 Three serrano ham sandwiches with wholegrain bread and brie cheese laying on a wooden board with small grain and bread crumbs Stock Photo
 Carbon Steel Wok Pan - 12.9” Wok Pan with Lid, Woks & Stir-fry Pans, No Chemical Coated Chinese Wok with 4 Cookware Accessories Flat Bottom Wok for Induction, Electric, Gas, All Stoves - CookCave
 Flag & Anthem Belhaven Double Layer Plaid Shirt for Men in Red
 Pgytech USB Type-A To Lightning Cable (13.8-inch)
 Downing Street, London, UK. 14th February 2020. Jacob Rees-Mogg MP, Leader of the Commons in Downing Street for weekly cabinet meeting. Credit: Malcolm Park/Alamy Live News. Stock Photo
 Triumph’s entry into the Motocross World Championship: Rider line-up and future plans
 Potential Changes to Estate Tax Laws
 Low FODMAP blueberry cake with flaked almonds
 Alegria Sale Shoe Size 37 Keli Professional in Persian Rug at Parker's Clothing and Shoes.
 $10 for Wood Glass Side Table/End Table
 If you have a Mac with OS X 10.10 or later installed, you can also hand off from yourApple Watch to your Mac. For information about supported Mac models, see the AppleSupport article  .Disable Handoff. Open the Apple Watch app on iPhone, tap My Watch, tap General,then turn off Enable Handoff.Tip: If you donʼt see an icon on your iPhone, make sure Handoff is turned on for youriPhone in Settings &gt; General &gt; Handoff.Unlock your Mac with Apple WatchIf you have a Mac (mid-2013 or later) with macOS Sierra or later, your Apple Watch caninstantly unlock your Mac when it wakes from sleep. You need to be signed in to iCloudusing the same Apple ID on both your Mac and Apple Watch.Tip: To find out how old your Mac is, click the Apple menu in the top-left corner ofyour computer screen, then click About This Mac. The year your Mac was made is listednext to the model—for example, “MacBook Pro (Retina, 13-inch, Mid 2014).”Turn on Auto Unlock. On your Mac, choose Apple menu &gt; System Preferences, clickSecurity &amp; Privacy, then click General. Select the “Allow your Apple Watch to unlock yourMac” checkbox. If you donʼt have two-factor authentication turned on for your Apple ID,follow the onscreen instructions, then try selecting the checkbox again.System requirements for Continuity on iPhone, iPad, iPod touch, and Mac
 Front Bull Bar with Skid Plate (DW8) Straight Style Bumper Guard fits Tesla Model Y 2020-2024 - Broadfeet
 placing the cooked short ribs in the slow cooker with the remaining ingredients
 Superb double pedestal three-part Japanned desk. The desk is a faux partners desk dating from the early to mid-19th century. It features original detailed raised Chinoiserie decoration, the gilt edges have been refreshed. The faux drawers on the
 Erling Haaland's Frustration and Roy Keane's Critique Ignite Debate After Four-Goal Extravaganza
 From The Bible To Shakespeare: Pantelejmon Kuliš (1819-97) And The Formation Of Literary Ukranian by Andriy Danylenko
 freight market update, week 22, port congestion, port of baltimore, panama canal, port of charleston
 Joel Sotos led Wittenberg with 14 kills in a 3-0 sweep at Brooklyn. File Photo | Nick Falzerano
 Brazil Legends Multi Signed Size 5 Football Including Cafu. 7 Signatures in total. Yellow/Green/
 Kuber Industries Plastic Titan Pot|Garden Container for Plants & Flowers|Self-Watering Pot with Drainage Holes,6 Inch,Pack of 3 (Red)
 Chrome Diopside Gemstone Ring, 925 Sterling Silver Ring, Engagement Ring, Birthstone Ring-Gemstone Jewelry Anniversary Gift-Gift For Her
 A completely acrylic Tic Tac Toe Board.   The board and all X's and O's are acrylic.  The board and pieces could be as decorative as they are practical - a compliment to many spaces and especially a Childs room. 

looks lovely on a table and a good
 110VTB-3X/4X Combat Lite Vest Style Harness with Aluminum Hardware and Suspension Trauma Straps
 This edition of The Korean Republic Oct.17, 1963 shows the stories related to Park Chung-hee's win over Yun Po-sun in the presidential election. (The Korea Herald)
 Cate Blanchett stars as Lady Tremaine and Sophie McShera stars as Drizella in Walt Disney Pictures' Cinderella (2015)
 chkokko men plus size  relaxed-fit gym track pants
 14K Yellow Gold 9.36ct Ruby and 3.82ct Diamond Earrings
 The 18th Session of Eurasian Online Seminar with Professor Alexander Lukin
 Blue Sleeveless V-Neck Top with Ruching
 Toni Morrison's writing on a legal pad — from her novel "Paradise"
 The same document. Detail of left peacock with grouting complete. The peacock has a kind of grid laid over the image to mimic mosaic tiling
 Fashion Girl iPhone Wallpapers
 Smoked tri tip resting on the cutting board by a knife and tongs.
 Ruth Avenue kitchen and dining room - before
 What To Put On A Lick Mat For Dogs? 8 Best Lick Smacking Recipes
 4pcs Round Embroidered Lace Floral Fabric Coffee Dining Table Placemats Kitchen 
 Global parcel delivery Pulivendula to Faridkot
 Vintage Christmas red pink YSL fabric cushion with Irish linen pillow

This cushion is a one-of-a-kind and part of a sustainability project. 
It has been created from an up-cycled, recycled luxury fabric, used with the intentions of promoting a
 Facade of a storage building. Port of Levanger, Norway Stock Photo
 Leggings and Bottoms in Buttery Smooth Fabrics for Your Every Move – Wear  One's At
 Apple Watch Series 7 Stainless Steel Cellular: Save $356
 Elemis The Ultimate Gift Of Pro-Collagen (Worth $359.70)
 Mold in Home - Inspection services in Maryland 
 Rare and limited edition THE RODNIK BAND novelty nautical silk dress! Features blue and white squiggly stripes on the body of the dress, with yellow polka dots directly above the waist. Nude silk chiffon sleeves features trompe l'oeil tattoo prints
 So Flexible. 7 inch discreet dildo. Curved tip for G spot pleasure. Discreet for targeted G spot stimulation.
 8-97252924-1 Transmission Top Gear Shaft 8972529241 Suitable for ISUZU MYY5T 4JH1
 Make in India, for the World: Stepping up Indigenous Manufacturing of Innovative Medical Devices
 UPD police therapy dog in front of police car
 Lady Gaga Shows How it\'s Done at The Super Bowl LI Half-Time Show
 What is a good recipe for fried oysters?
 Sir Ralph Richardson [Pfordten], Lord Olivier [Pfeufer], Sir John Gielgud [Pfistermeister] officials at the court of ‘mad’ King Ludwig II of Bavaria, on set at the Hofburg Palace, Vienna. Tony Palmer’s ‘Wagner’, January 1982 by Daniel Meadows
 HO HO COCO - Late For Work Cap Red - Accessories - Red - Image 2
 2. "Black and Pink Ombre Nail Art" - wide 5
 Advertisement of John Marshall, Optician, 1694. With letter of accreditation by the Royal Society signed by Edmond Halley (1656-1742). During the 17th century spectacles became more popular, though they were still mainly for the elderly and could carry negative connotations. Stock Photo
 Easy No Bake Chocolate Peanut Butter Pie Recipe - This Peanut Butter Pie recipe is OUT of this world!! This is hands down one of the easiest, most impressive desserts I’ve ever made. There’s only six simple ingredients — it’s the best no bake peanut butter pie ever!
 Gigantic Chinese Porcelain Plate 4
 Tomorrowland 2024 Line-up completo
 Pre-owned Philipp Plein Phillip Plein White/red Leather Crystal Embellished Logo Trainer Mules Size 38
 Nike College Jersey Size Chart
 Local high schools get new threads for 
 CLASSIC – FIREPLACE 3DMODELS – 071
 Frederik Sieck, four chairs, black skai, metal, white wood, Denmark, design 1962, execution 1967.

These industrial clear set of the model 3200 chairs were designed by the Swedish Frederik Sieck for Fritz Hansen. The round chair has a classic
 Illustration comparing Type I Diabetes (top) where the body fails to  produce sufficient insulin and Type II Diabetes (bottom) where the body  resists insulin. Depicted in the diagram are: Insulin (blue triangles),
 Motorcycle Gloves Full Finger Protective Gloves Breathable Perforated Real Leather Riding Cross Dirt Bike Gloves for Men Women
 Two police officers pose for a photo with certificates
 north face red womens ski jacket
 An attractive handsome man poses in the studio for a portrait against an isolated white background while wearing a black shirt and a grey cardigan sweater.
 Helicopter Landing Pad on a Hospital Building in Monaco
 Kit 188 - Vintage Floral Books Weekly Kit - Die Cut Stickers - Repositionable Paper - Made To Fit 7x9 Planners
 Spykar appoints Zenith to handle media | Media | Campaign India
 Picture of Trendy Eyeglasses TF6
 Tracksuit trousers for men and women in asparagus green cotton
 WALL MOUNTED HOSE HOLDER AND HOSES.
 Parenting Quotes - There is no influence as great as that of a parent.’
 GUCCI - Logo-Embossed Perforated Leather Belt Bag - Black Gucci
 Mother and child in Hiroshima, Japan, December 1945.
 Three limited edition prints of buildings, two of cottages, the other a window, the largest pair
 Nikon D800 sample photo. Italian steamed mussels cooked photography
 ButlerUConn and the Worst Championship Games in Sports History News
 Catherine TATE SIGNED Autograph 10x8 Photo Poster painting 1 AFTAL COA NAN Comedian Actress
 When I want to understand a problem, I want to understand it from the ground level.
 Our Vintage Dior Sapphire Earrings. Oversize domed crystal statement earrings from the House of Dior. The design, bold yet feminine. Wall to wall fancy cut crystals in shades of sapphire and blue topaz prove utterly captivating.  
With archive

### Problem requirements
Only the lines above from the one with "What To Put" up to and including the one with "Lady Gaga Shows" should be repeated, exactly as written.

### Answer to this problem
 What To Put On A Lick Mat For Dogs? 8 Best Lick Smacking Recipes
 4pcs Round Embroidered Lace Floral Fabric Coffee Dining Table Placemats Kitchen 
 Global parcel delivery Pulivendula to Faridkot
 Vintage Christmas red pink YSL fabric cushion with Irish linen pillow

This cushion is a one-of-a-kind and part of a sustainability project. 
It has been created from an up-cycled, recycled luxury fabric, used with the intentions of promoting a
 Facade of a storage building. Port of Levanger, Norway Stock Photo
 Leggings and Bottoms in Buttery Smooth Fabrics for Your Every Move – Wear  One's At
 Apple Watch Series 7 Stainless Steel Cellular: Save $356
 Elemis The Ultimate Gift Of Pro-Collagen (Worth $359.70)
 Mold in Home - Inspection services in Maryland 
 Rare and limited edition THE RODNIK BAND novelty nautical silk dress! Features blue and white squiggly stripes on the body of the dress, with yellow polka dots directly above the waist. Nude silk chiffon sleeves features trompe l'oeil tattoo prints
 So Flexible. 7 inch discreet dildo. Curved tip for G spot pleasure. Discreet for targeted G spot stimulation.
 8-97252924-1 Transmission Top Gear Shaft 8972529241 Suitable for ISUZU MYY5T 4JH1
 Make in India, for the World: Stepping up Indigenous Manufacturing of Innovative Medical Devices
 UPD police therapy dog in front of police car
 Lady Gaga Shows How it\'s Done at The Super Bowl LI Half-Time Show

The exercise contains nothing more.